Symptoms of monkeypox are quite severe: “It’s become very real, very quickly”

 Symptoms of monkeypox are quite severe: “It’s become very real, very quickly”

Photo courtesy of Matt Ford

“It’s become very real, very quickly.”

Matt Ford, 30, was only dimly aware of monkeypox, a viral illness that wasn’t really discussed in the United States until this year, until Friday, June 17.

Ford was aware that cases of monkeypox were spreading across the nation at the time, but he never considered if he or anybody he knew would be impacted. But on June 17, Ford received a call from a friend who was suffering from monkeypox, and he found that he had most likely come into contact with the illness through skin-to-skin contact.

Ford later found he had monkeypox after testing positive, and she has since used Twitter and TikTok to warn others about how dangerous the illness can be. Read Ford’s account below, as told to Melissa Matthews, associate director of health at SELF. The interview has been condensed and edited for clarity.

Initially, I was in shock when I got off the phone.
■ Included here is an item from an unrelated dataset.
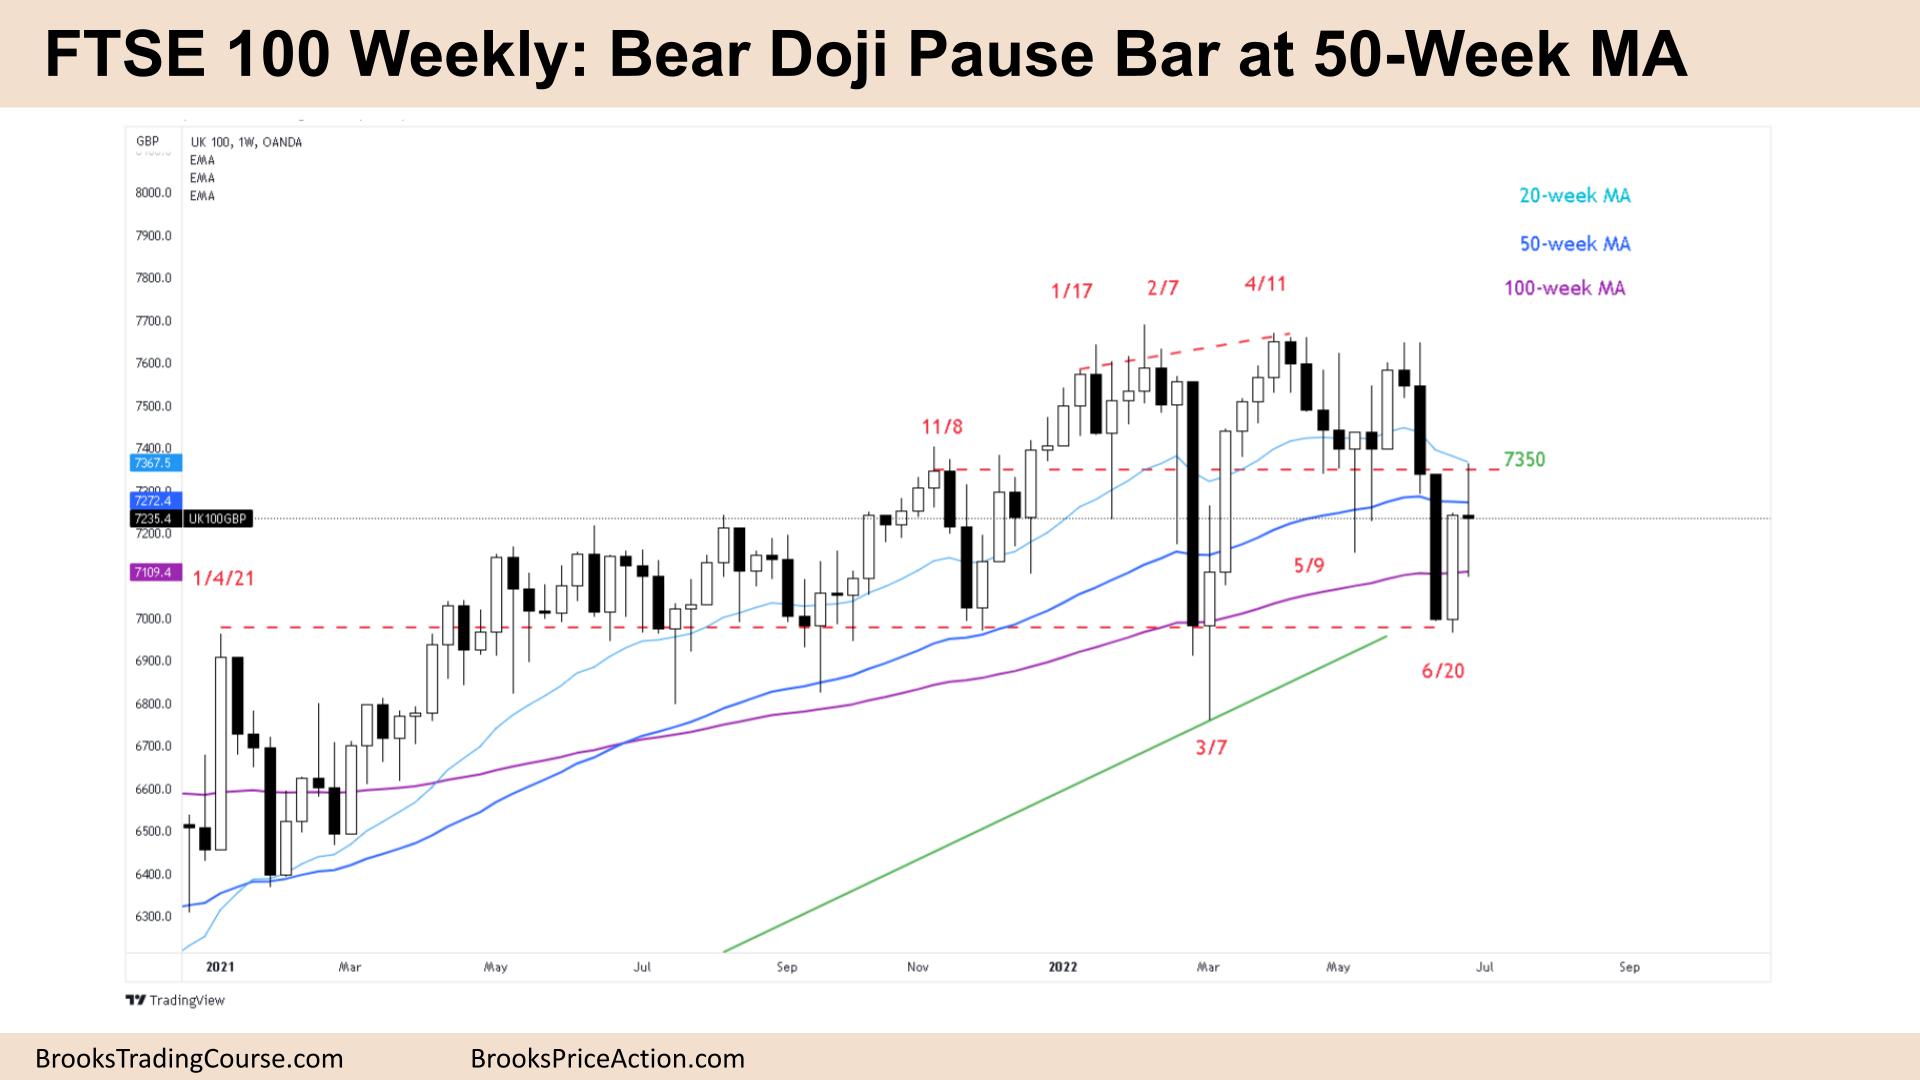 FTSE 100 Bear Doji Pause Bar at 50-Week MA

I knew monkeypox was happening in the world, but that was the first time I heard of anyone I knew coming into contact with it. My first thought was, Crap, I’m supposed to go to New York for Pride the following weekend; if I have monkeypox, this is going to derail weeks of my life.

I got off the phone and did a full-body scan, noticing some spots in the underwear zone. They looked exactly like the pictures of monkeypox on the Centers for Disease Control and Prevention (CDC) website. They resemble pimples or ingrown hairs at first, but the spots looked just different enough that I knew they weren’t pimples.

That night I started researching symptoms hoping that my case wouldn’t be so bad. But starting the next day, I began having intense flu-like symptoms that included a fever, full-body chills, and a cough. The California Department of Public Health called me that Saturday and started collecting a lot of information about me.

They asked about the specifics of how I could have been exposed, and if I could have exposed anyone else. They wanted to know if I had traveled recently. From that day on, a nurse called me daily to ask about my symptoms. But I wasn’t given any advice on how to actually manage my symptoms.

Things really ramped up over that weekend. I was sweating a bunch to the point where my sheets were soaked. The spots started appearing on other parts of my body, including my face. I had a virtual consultation with my doctor’s office that weekend and went for an in-person check-up on Monday.

The office took an abundance of caution when I came in. I was asked to enter through a back entrance, and the doctor was in full COVID-19-style protective gear. She wore a full gown with a plastic covering over it, a mask, protective eyewear, and gloves. The doctor looked at my spots visually, asked about my symptoms, and took swabs from two different areas.

At the time, I wasn’t in a bunch of pain yet, so I was advised to just take over-the-counter pain medication. There wasn’t a lot of information given, and I remember the general vibe being, “We’re finding out about this at the same time you are.”

My symptoms quickly progressed after I left the doctor’s office. Between that Monday night and Thursday, June 23, the lesions in my sensitive areas and underwear zone became really painful to the point where I couldn’t sleep.

I’d describe the sensation as a dull, chronic pain that became jolts of intense pain if I moved the wrong way. I am not sure I’ve experienced anything quite like it. The spots that continue to appear in places outside of the initially infected area aren’t painful—I’d describe them as more irritable and itchy.

On June 23, I went back to the doctor’s office and was prescribed narcotic painkillers to help me sleep in addition to another oral medication to help with the itching. The doctor also recommended using Vaseline on any really painful lesions, which actually proved to be pretty helpful.

A few days after my first doctor’s appointment, I received my positive monkeypox test results and a letter from the department of health in the mail informing me to isolate myself. The letter said I have to isolate until I am recovered, which is defined as having every single spot scabbed over and healed, so I only have fresh, healthy skin underneath. Now, 13 days after my friend called me to tell me I was exposed, I feel almost completely back to normal.

The flu-like symptoms are completely gone, and I’m just dealing with the spots now. Thankfully most of the spots have already become pustules and scabbed over. It seems like I’m on the tail end of things now, but even in the last few days, I have had new spots pop up. In total, I counted more than 25 lesions all over my body.

Since I spoke out about having monkeypox, a lot of my friends messaged me saying they had it too. It’s become very real, very quickly, in my various networks. To people who don’t take this seriously, I get it. I used to be like you too, but my views have changed immensely.

You absolutely do not want this. Even a mild case is super disruptive. I’m urging people to take this seriously and to get vaccinated if they can. In the meantime, try to be cautious about who you have prolonged skin-to-skin or face-to-face contact with, but also know that there is no reason to feel shame if you get monkeypox. You haven’t done anything wrong by getting this.